Accessing Example Datasets¶

We have made available three datasets associated with the NovaScope protocol to be used as input for the NovaScope Exemplary Downstream Analysis (NEDA).

Data Overview¶

Created using NovaScope, these datasets originate from FASTQ files derived from the same liver tissue section of an 8-week-old C57BL/6 wild-type male mouse.

Minimal Test Run Dataset¶

The minimal test run dataset was created using a subset of a liver section with a relatively shallow depth in the 2nd sequencing. This dataset is intended for preliminary testing of NEDA, primarily for validating NEDA scripts' functionality. It is not designed to yield biological insights.
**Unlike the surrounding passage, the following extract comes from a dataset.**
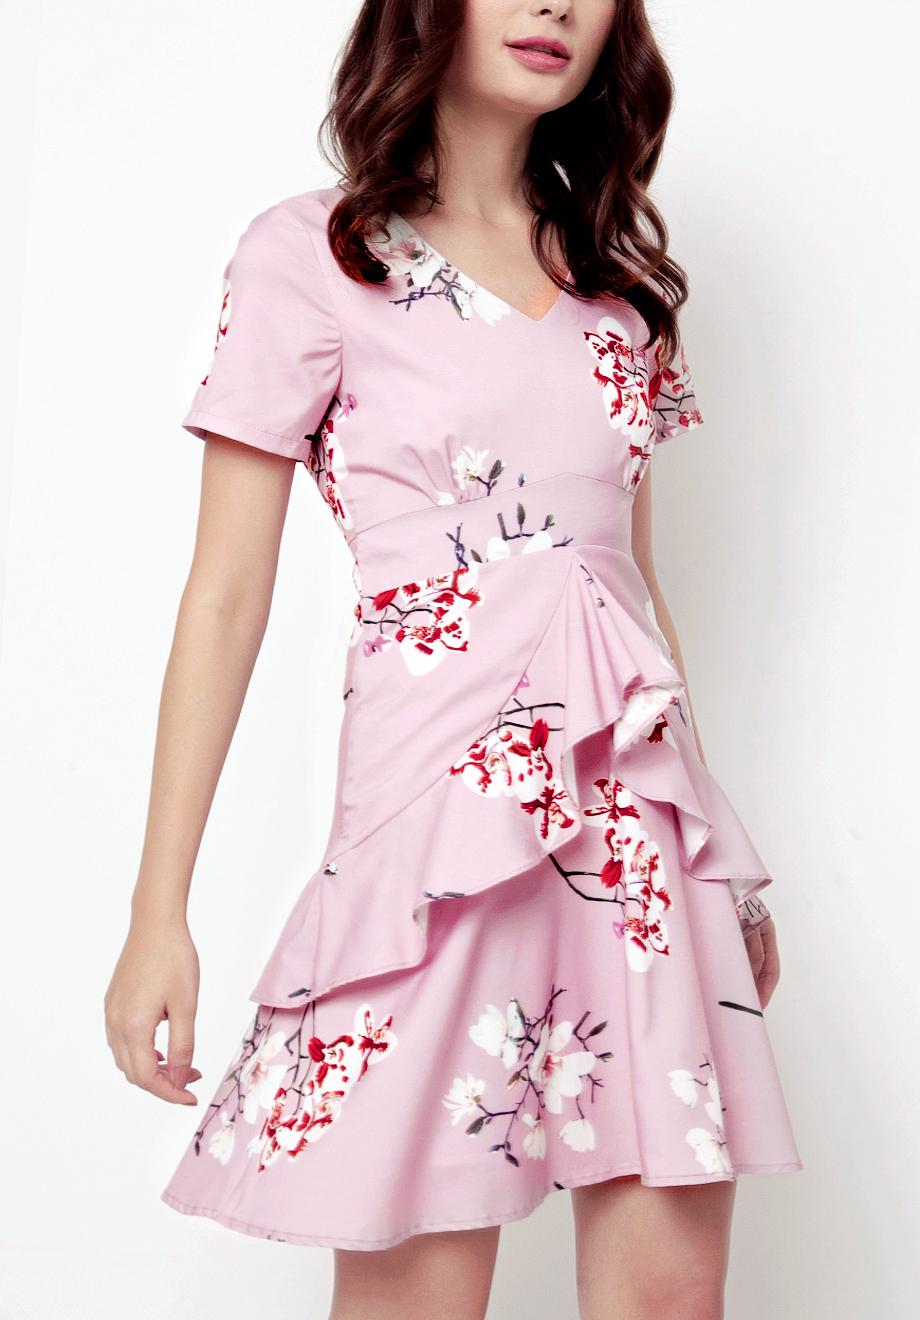 Dresses Chocochips Boutique Marino Dress Blue 39 Off

Shallow Liver Section Dataset¶

This dataset was generated by a Seq-Scope dataset for a tissue section, characterized by a relatively shallow 2nd-Seq library sequencing depth (i.e., approximately 163 million paired-end reads). The dataset from FASTQ files with such depth should be sufficient to investigate major cell types alongside marker genes pertaining to liver cell diversity and perform basic pixel-level decoding of the spatial transcriptome. This dataset comes along with a set of aligned Hematoxylin and Eosin (H&E) stained histology images.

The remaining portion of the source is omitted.